Meanwhile the only real android competitor is manufactured by one company who doesn't allow even the end user to install apps not directly approved by Apple.
Do you really call iOS a competitor to android?
Its like saying KIA is competitor to a Rolls Royce.
Androids range from 50USD to anything else.
Apple and Google makes phones but they’re not competitors, their market segments, user base have different opinions on what they want and do.
You insinuated it by alluding to Kia vs. Rolls Royce, which is curious as Apple products are not luxury items, save perhaps the gold "watch edition" iWatch.
Kia has cheap to expensive cars and Rolls Royce has exclusively expensive cars.
May be Rolls Royce was a stretch. But I definitely clarified it in that comment itself by saying 50-Anything. Apple may or may not be called luxury items. But they’re viewed as premium items by general public around the world.
People look towards iPhone in awe than a samsung galaxy s21 ultra.
Not even in nearest terms, Android users mostly dont want to use iOS.
Neither do most of the iOS users want to use Android.
Like I said, they both are different kind of things of the same technology.
Apple is no where near Android in world level in-terms of competition either.
Like I said Kia is not a competitor to Rolls Royce.
Kia is not a competitor to RR because there are loads of luxury car brands that compete with RR and loads of general-to-expensive brands that compete with Kia.
In the smartphone OS market, it doesn't matter if apple is on the luxury spectrum and android is on the general spectrum, because they are the only relevant OSs around (excluding harmony because it doesn't have nearly as much market share as those two).
So yes, android and iOS are competitors, unless other luxury OS pops up to compete with iOS or OSs like harmony become more relevant to compete with android.
If Kia and RR were the only car brands, they'd be competitors of each other because there are "cheap" second hand cars by RR that compete with Kia (like second hand iPhones) and expensive Kia cars that compete with RR (expensive android phones that compete with apple ones).

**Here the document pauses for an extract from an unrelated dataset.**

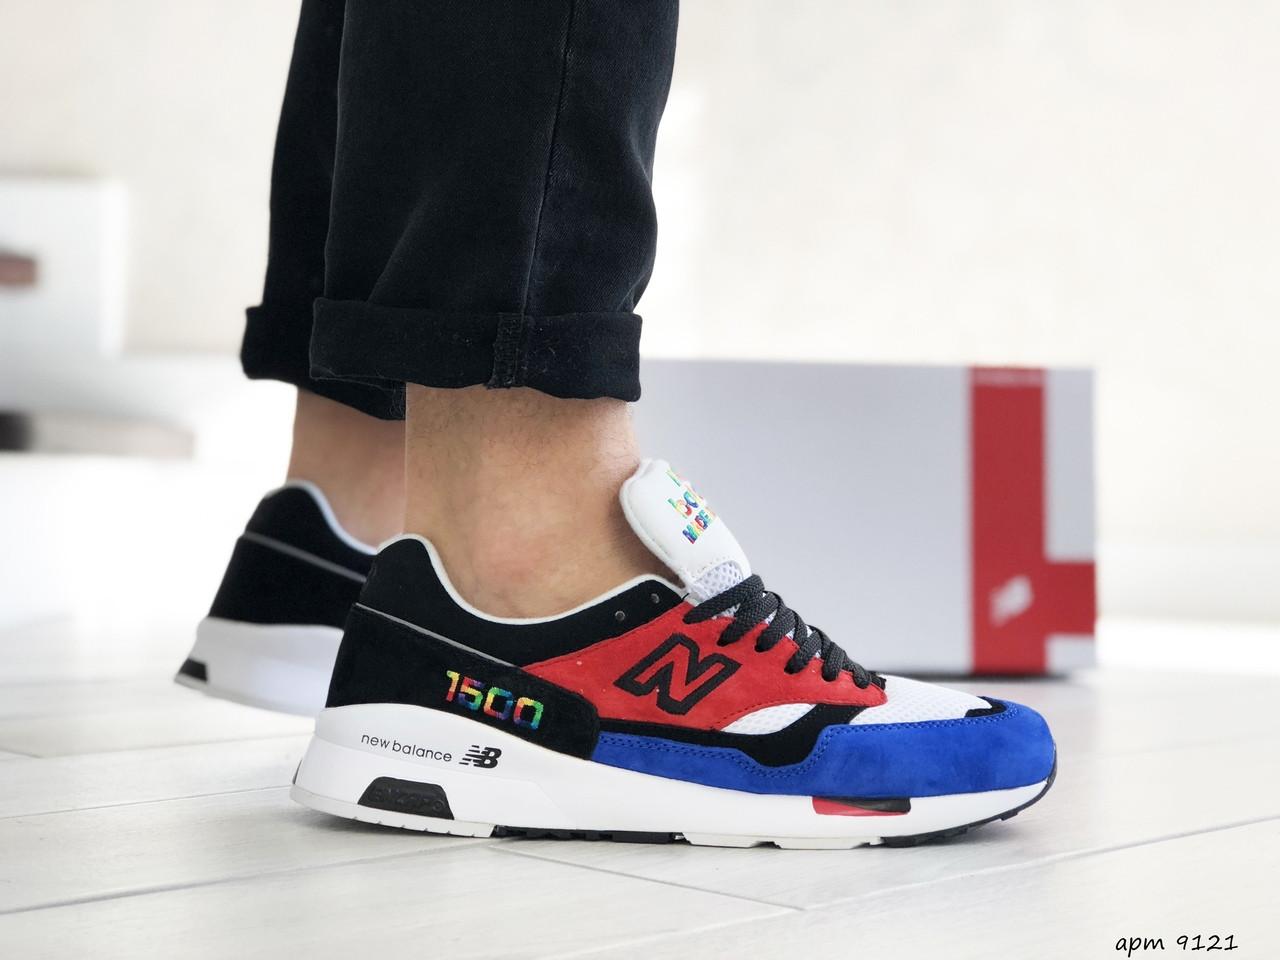 Мужские кроссовки (в стиле) New Balance 1500,красные с синим

I feel like you’re strictly comparing things in terms of price and OS.
Im trying to say a Kia user wont want to buy RR or RR user wont want to buy a Kia.
The comparison im trying to make is, Switch form iOS to Android and vice versa is very rare.
You can’t really call two OSes a competitor if their users want two different things.
The users of iOS and Android have different views on what their OS means. And People expect different things from an Apple vs Android.
No one looks for Android ways in an Apple phone.
And apple never even considers how Android ecosystem is before thinking yeah, we need to include it next release.
You compete in same segments, not in different segments, or am I wrong about what I think competition is?
I see your point now. But either way, this was the original post:
> only real android competitor is manufactured by one company who doesn't allow even the end user to install apps not directly approved by Apple
Even if android and apple might be strongly separate segments of the smartphone market, since they are the only relevant ones at play (FirefoxOS is no more, harmony doesn't have significant market share and pure Linux is not a thing yet), they are the only competitiors of each other, because, even if not to frequently, we do observe people switching from apple to android and vice versa, people have no other alternative to get a mobile device to run their apps on.
Your point still stands, someone that's on android and want to leave android but doesn't like apple because they run the business in such a dramatic way, might feel like an OS monopoly, because Android and apple are so different from each other. Still, since both run out apps, both run browsers, both (usually) have cameras, etc etc, they are still competitiors, even if very weak ones (your car analogy doesn't apply here anymore, since smartphones and cars are very different, but it was a good analogy till now, but analogies only go so far).